Life in a TP...

In the finest tradition of software project management, the Payroll team is focusing on processing the Employee database records against the latest tax regulations and the Accounting team reads in those reports to issue payments to banks' direct-deposit networks. Interconnecting the two is a separate integration step: but how?

They could just communicate by processing batch files, like the previous release -- that ran on a single mainframe. Today, they could use a distributed file system, email the check records, pull them off of a Web server, or write yet another custom message transfer protocol. In each case, there are different tradeoffs between latency, reliability, security, and a hundred other details. That is why a thousand Internet-scale messaging systems have bloomed: Telnet for duplex bytestreams, File Transfer Protocol (FTP) for pulling files, Simple Mail Transfer Protocol (SMTP) for reliable email messages, Network News Transfer Protocol (NNTP) for pushing email, HyperText Transfer Protocol (HTTP) for pulling Web pages, and a host of other tolls in the same vein, from Finger to Network File System (NFS).

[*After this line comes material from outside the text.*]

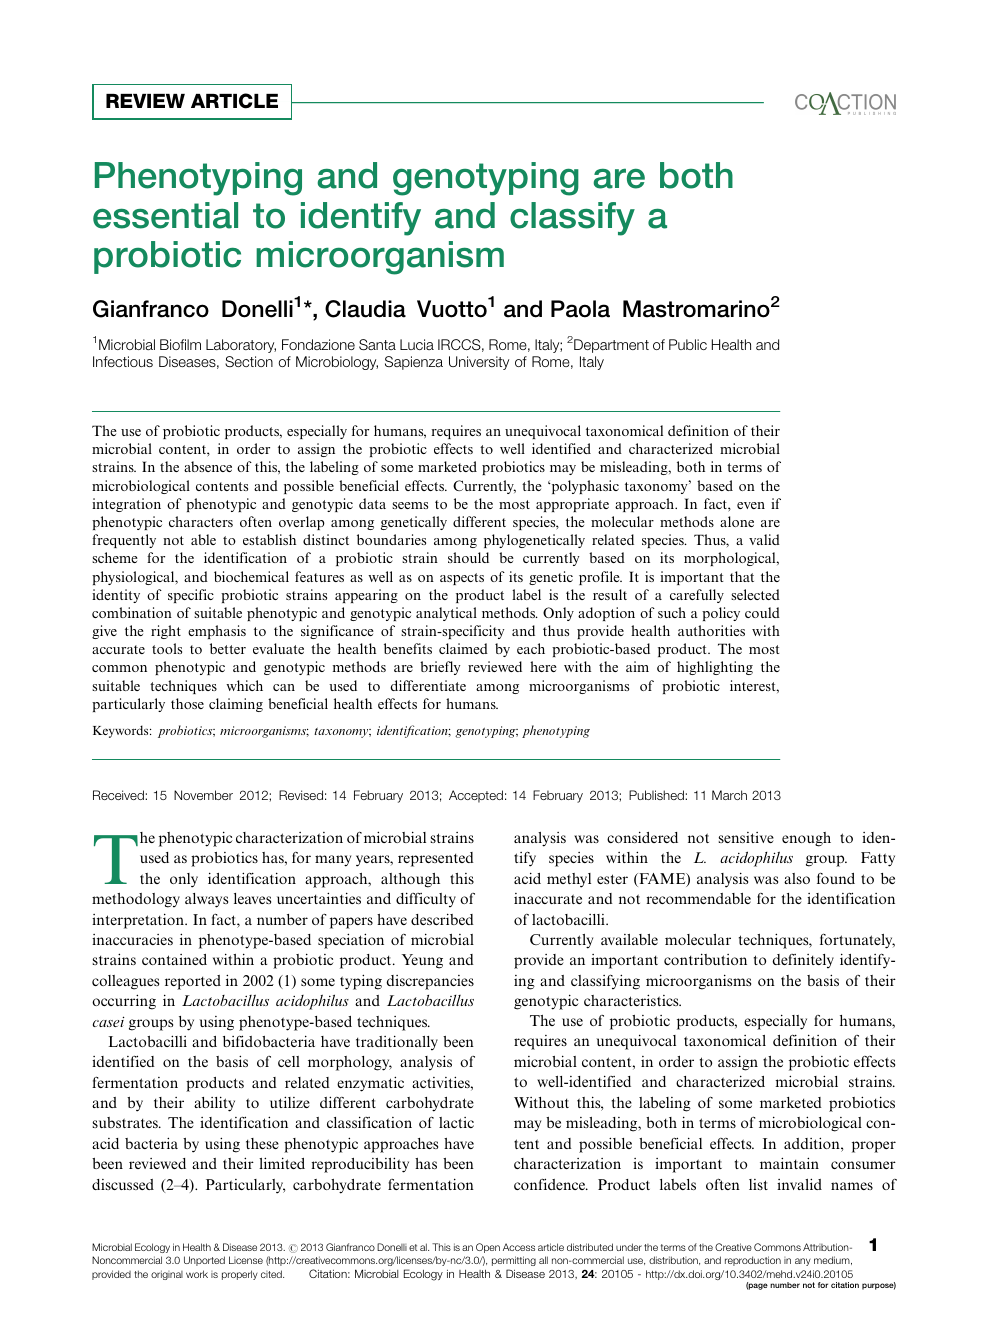 Microorganism research paper english help homework

Seventh Heaven is column about those choices. Application-layer protocols, the seventh layer of the OSI stack, proliferate in myriad forms every time a developer wires together software components across the Internet. The Applications Area at the Internet Engineering Task Force (IETF) is growing rapidly under the strain of divergent efforts, in stark contrast to the relative stability of TCP/IP. Bookstore shelves groan under the load of books cataloging each different species of transfer protocols (TPs) separately; this column will develop a common framework to navigate among them.

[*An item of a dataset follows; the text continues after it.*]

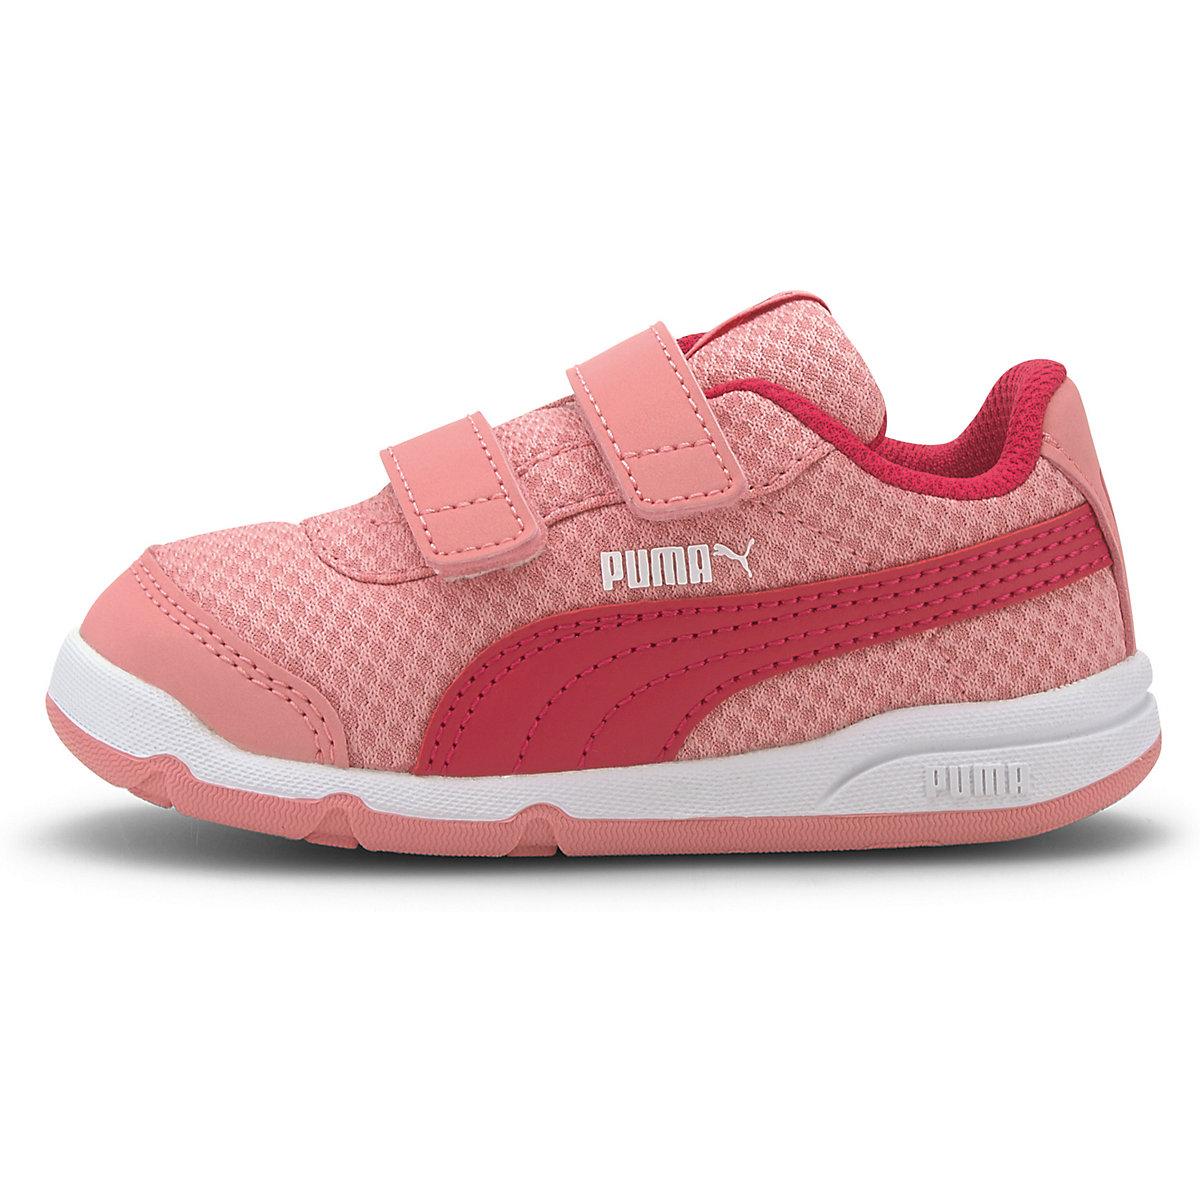 Puma, Sneakers Stepfleex 2 Mesh Ve V Inf Für Mädchen, Rosa

Each month, we will focus on setting one of these TPs in context. They have evolved to adapt to the vagaries of network topology, performance, economics, and standards-body politics. Understanding their history is key to charting their future as new contenders like HTTP-NG (Next Generation) take form. Our maiden voyage, though, sets forth our ontology in general -- our vocabulary for describing and classifying TPs.

What's in a TP?

Just as lower levels of the network stack discuss transport protocols like TCP and TP4, application-layer designers work with message transfer protocols. There are three major components of any such TP: addresses to identify participating nodes; distribution rules controlling transfers; and the messages themselves. Admittedly, this framework is not explicitly in the design rationale of any TPs to date -- the RFCs emphasize how they work almost to the exclusion of why -- but I hope it proves a useful synthesis on our tour.

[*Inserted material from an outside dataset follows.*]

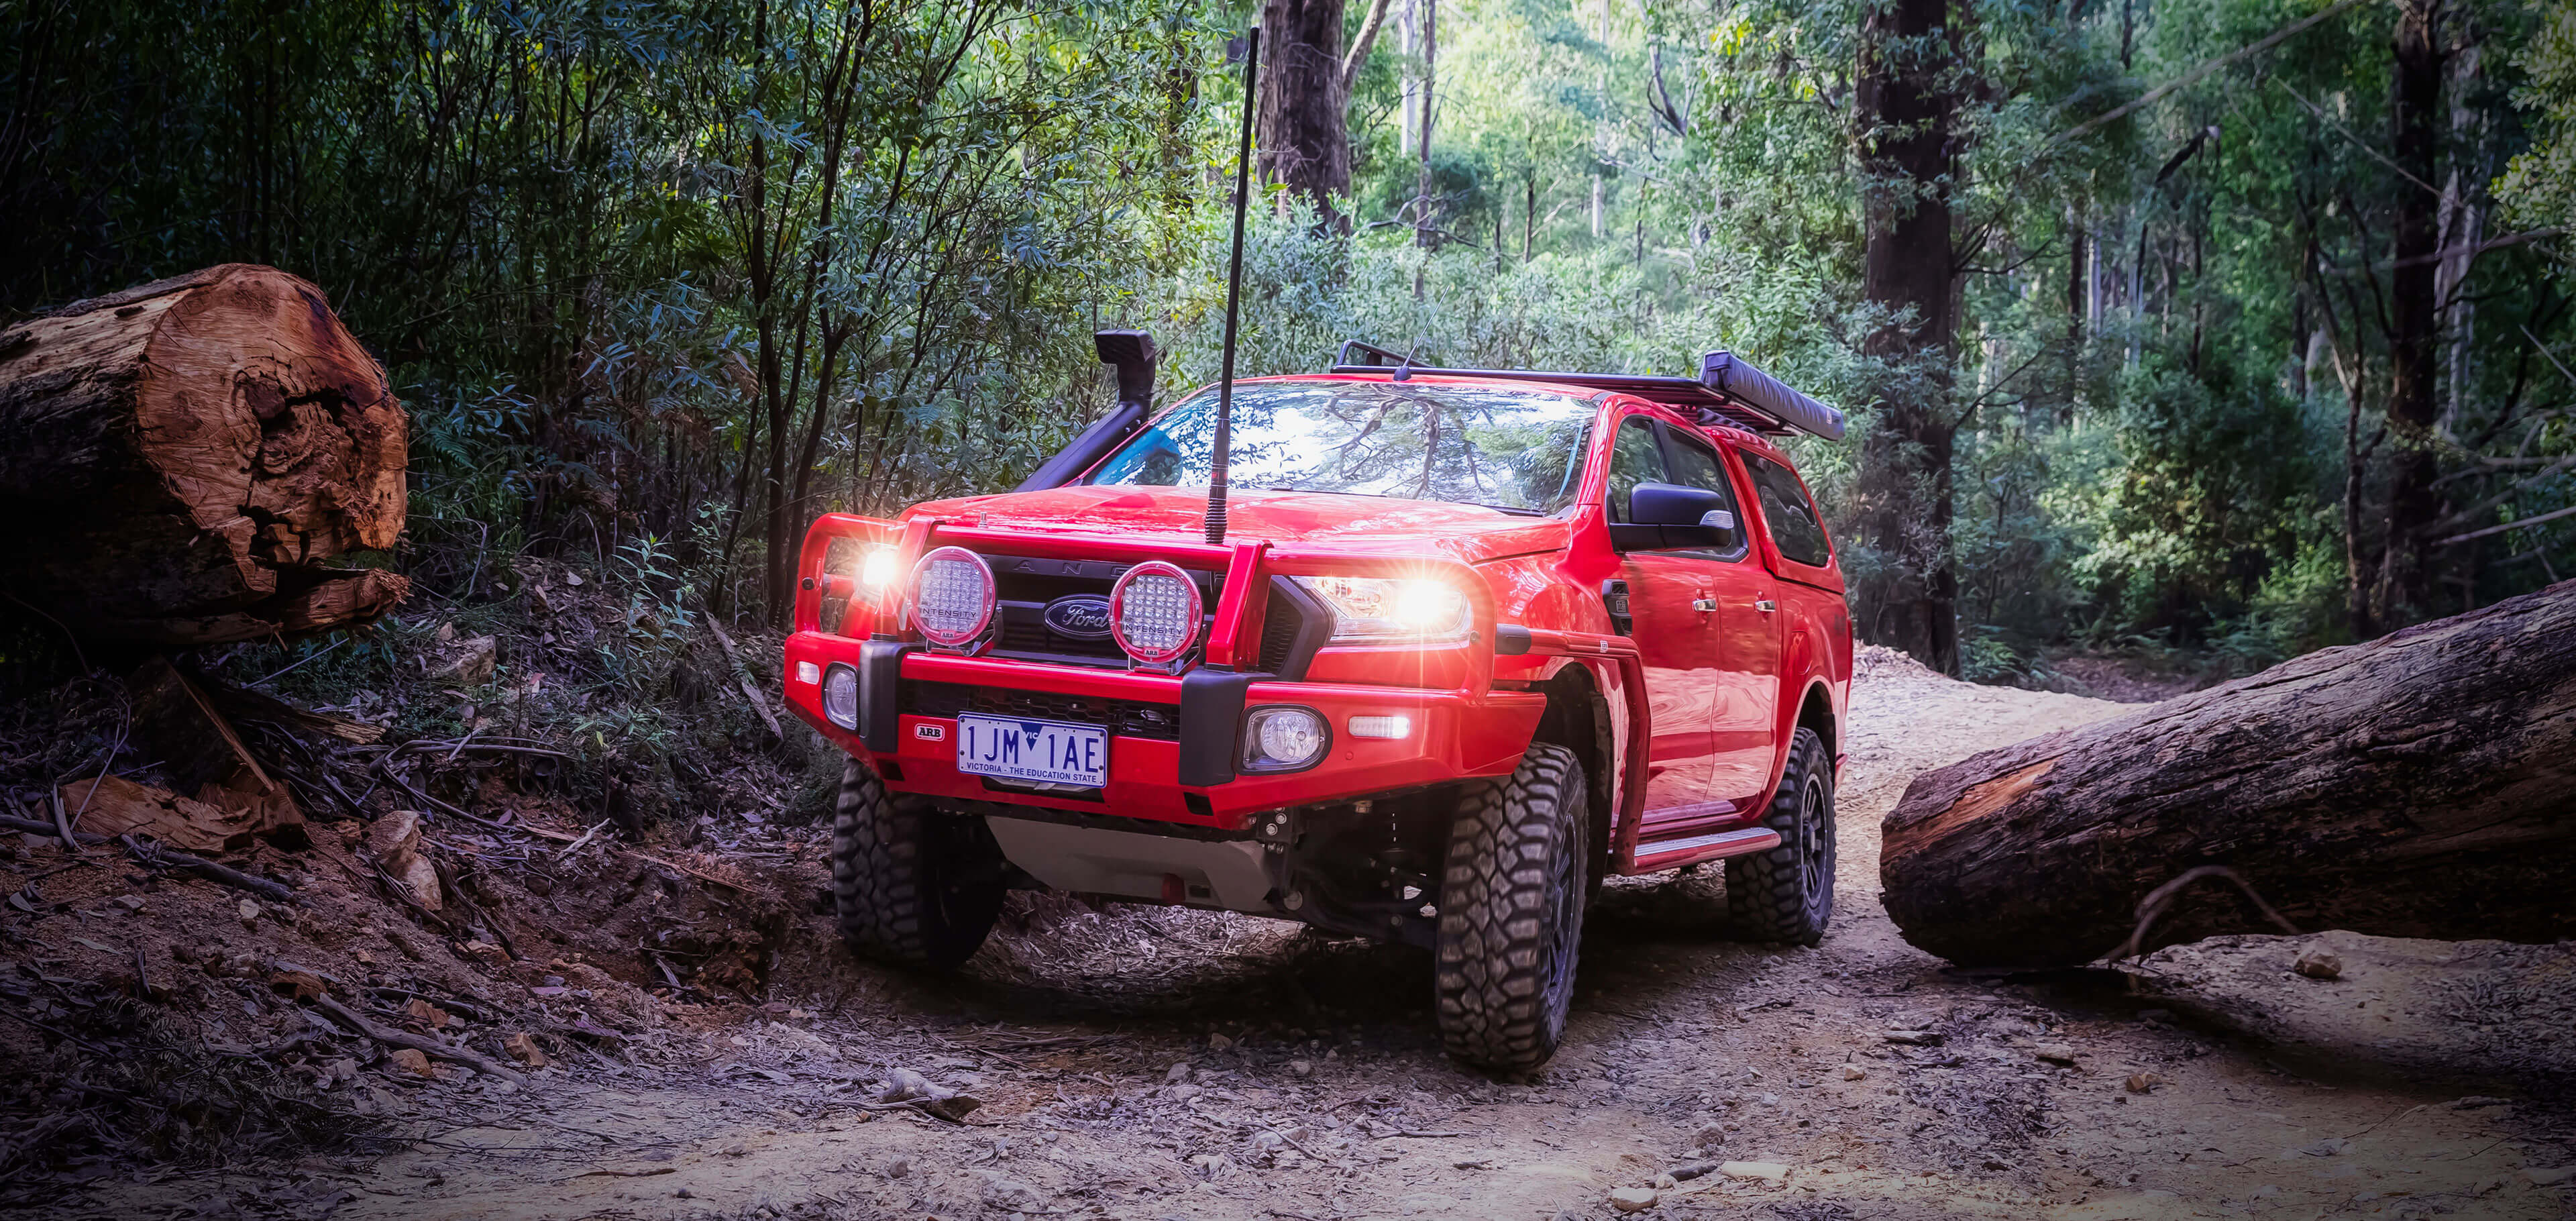 Arb 44 Accessories Fuel Filter Location In 2008 Mazda 6 Explore

Three key aspects of the Transfer Protocols (TPs) Seventh Heaven will cover in 1998
Transfer Protocol Addressing Distribution Content




Terminal Telnet

Host

Port

1-1

Sync

Both

Bytestream w/interrupts

Filesystem FTP

Host

Path

1-1

Sync

Both

Text / Binary Files

E-mail SMTP

Mailbox

Msgid

1-N

Async

Push

822 + MIME

Usenet NNTP

Newsgroup

Msgid

N-N

Async

Push

822 + MIME

Web HTTP

Host

URL Path

1-N

Sync

Pull

822 + MIME + HTTP caching

Several ilities of TPs, such as reliability, latency, and maintainability can be explained as consequences of variation along these three axes. Email, for example, has reliable handoffs at each step, but does not establish a direct mailbox-to-mailbox connection, so actual delivery can take a while, usually without delivery notification. Furthermore, each handoff is traceable through Received: headers for debugging. HTTP, in contrast, is a synchronous request-reply protocol which requires direct, online connections. Transport-layer security can be directly composed with HTTP to encrypt the end-to-end connection; email's hop-by-hop transfers cannot.

Names & Addresses

The first things a TP must define are its addresses for the nodes it transfer messages between, and the names for the entities it transfers. For many TPs, the endpoints are network interfaces on the connected Internet, so they use domain names or IP addresses directly. Sometimes, the endpoints are logical concepts, like individual users' mailboxes or globally-distributed newsgroups.  The entities they purport to transfer have to be represented as messages, so their names identify the message at hand. Names are more intimately tied to the semantics of the service: Telnet provides a Network Virtual Terminal (NVT) to some port on a host; FTP and HTTP servers can be queried for the value of particular pathnames; and SMTP and NNTP refer to messages by their globally-unique RFC-822 msgids.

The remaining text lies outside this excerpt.